Не сердитесь, не обижайтесь словами моими. Говоря вам, я исполняю непременную обязанность. Я говорю от лица общества, государства, отечества. Вы отцы, они ваши дети, вы современная Россия, они будущая: что же будет с Россией, если русские отцы будут уклоняться от своего гражданского долга и станут искать уединения или, лучше сказать, отъединения, ленивого и цинического, от общества, народа своего и самых первейших к ним обязанностей. Всего ужаснее то, что это так распространено: вы не одни такие, хотя другие впадают в те же ошибки, как вы, может быть, и под другими формулами. Но внушительнее всего то, что вы не только еще не худшие, но даже многим лучшие из современных отцов, ибо все же в сердцах ваших не умерло сознание вашего долга, хотя вы и не исполняли его. Абсолютного отрицания долга в вас нет. Вы не холодные эгоисты, а, напротив, раздраженные — на себя ли, на детей ли ваших, не стану определять того, но вы оказались способными принять к сердцу ваш неуспех и глубоко огорчиться им! Итак, да поможет вам Бог в решении вашем исправить ваш неуспех. Ищите же любви и копите любовь в сердцах ваших.

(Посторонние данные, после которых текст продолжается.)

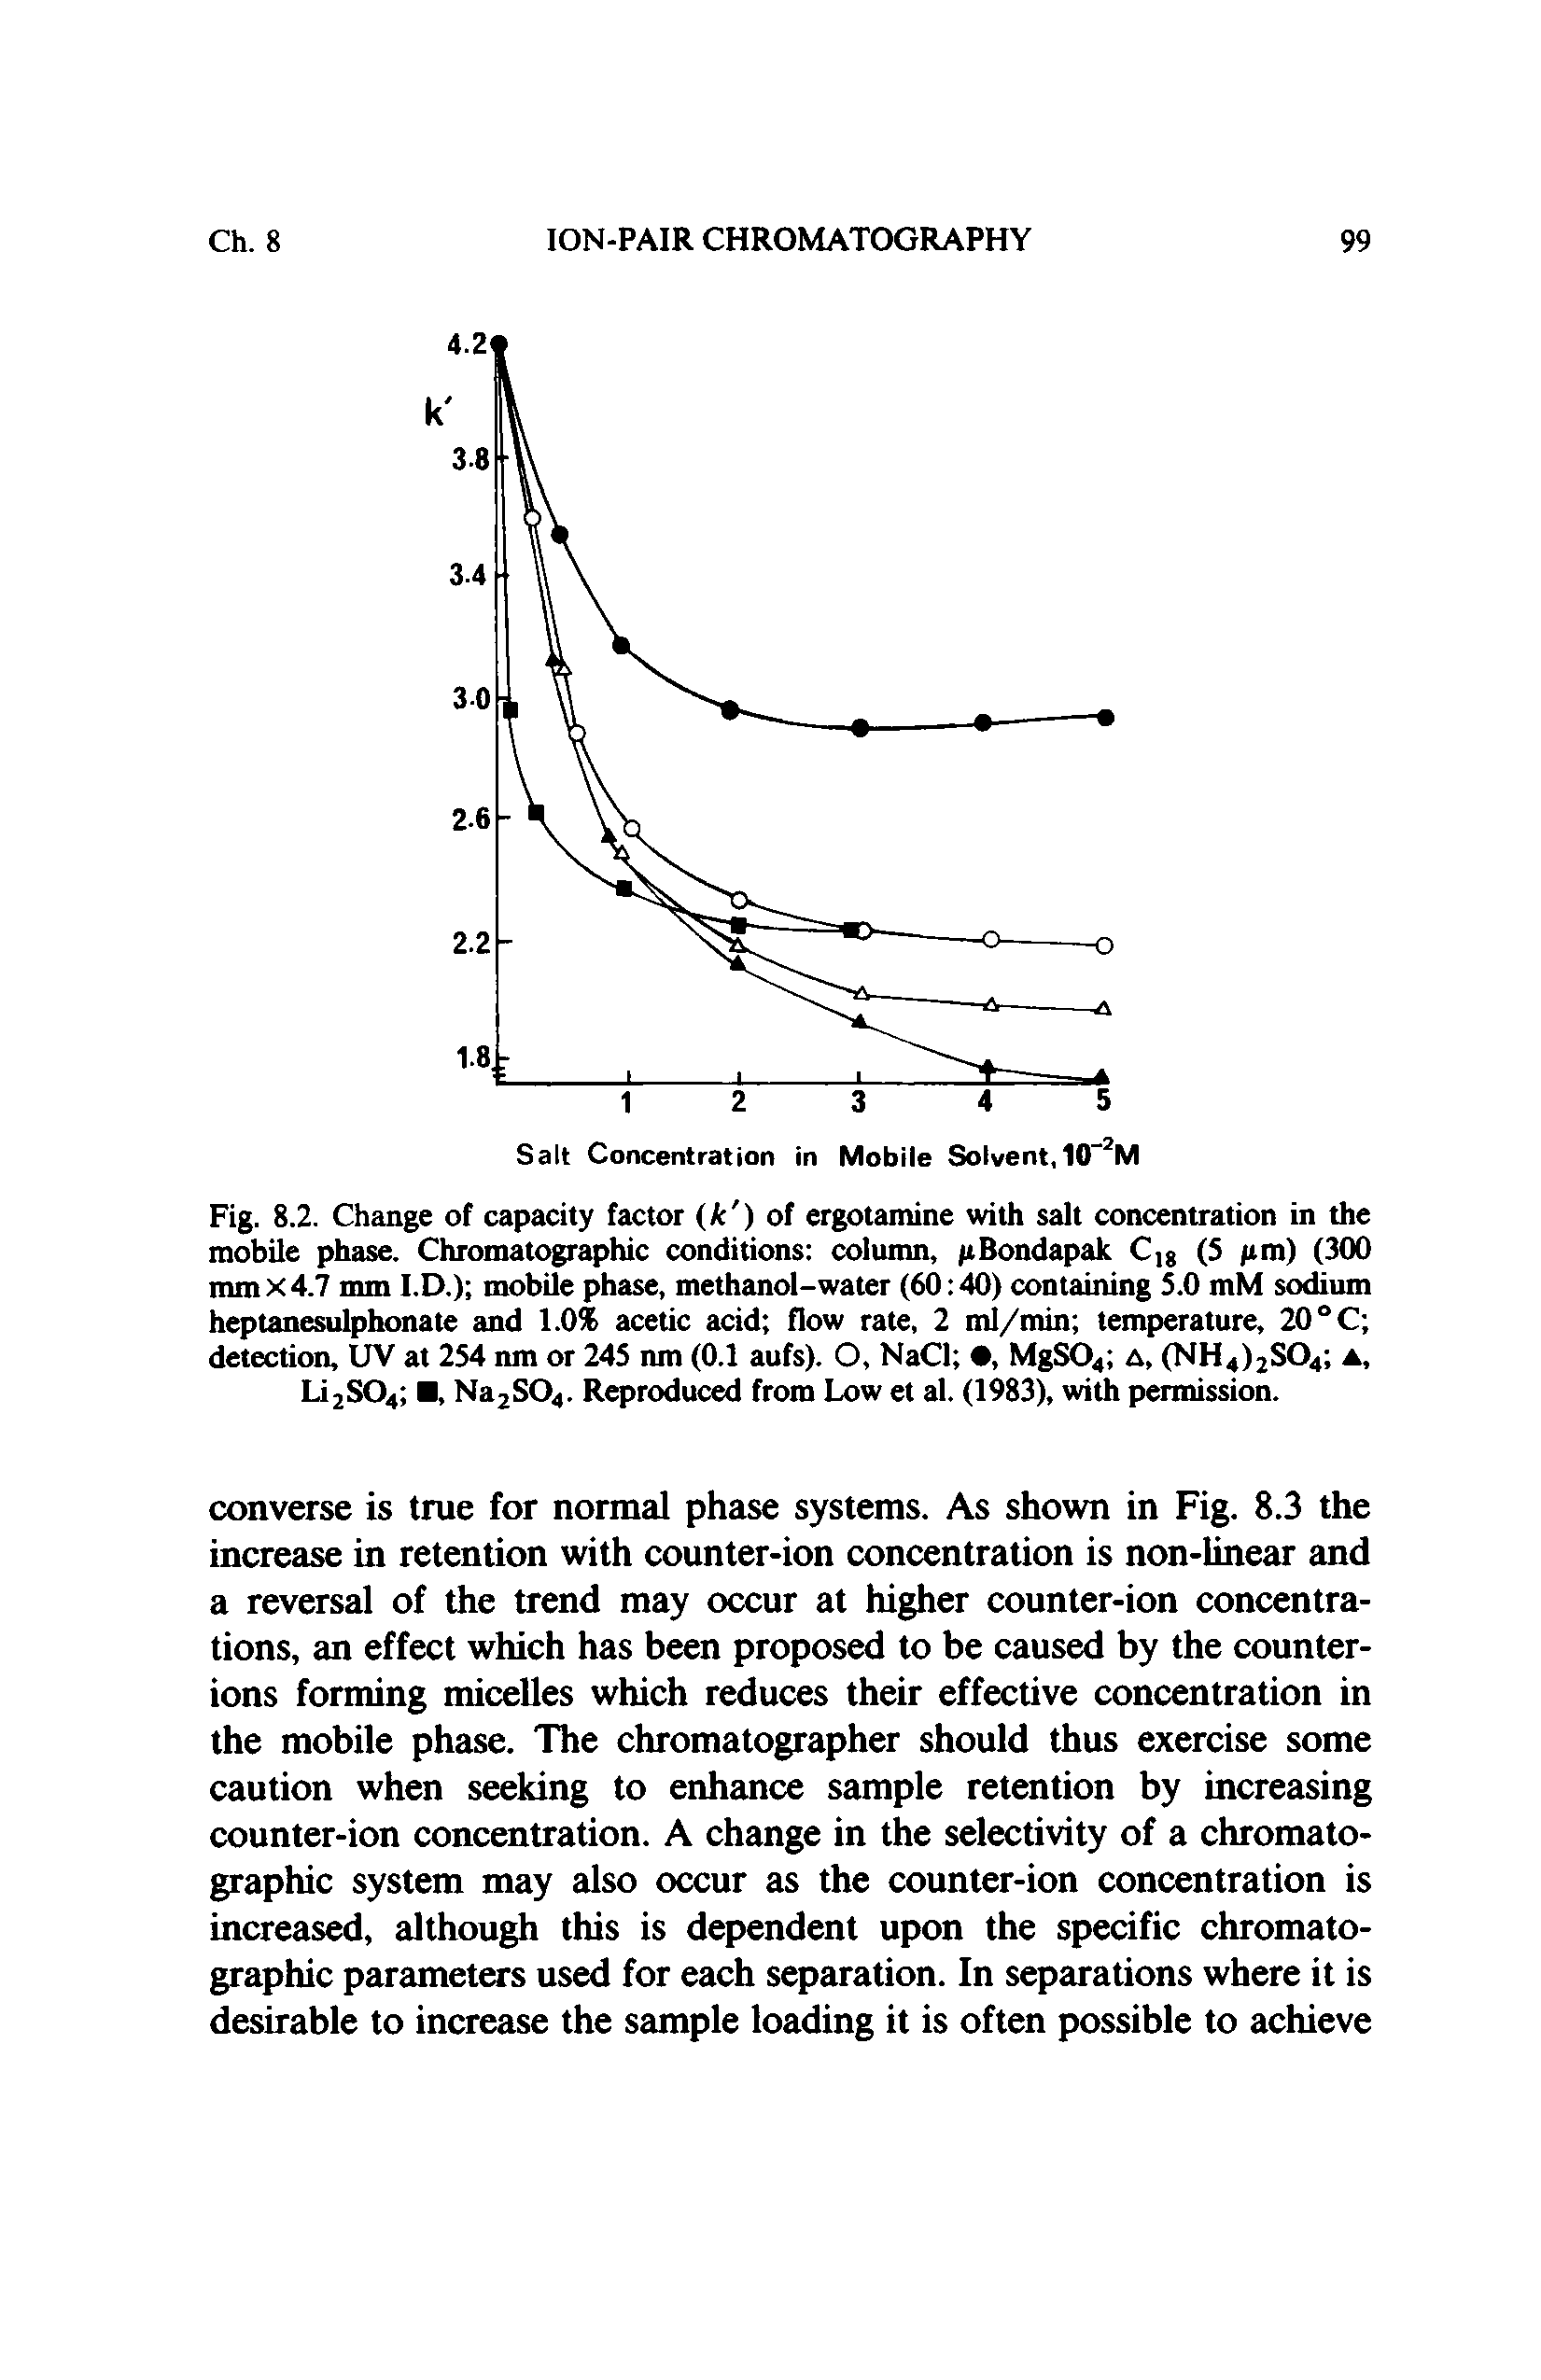 Fig. 8.2. Change of capacity factor k ) of ergotamine with salt concentration in the mobile phase. Chromatographic conditions column, pBondapak Cjg (S pm) (300 mm X 4.7 mm I.D.) mobile phase, methanol-water (60 40) containing S.O mM sodium heptanesulphonate and 1.0% acetic acid flow rate, 2 ml/min temperature, 20 °C detection, UV at 254 nm or 245 nm (0.1 aufs). O, NaCl , MgS04 a, (NH4)2S04 a, U2SO4 , Na2S04. Reproduced from Low et al. (1983), with permission.

Любовь столь всесильна, что перерождает и нас самих. Любовью лишь купим сердца детей наших, а не одним лишь естественным правом над ними. Да и самая природа из всех обязанностей наших наиболее помогает нам в обязанностях перед детьми, сделав так, что детей нельзя не любить. Да и как не любить их? Если уже перестанем детей любить, то кого же после того мы сможем полюбить и что станется тогда с нами самими? Вспомните тоже, что лишь для детей и для их золотых головок Спаситель наш обещал нам «сократить времена и сроки».[269] Ради них сократится мучение перерождения человеческого общества в совершеннейшее. Да совершится же это совершенство и да закончатся наконец страдания и недоумения цивилизации нашей!

А теперь ступайте, вы оправданы…

ОПЯТЬ ОБОСОБЛЕНИЕ.

Восьмая часть «Анны Карениной»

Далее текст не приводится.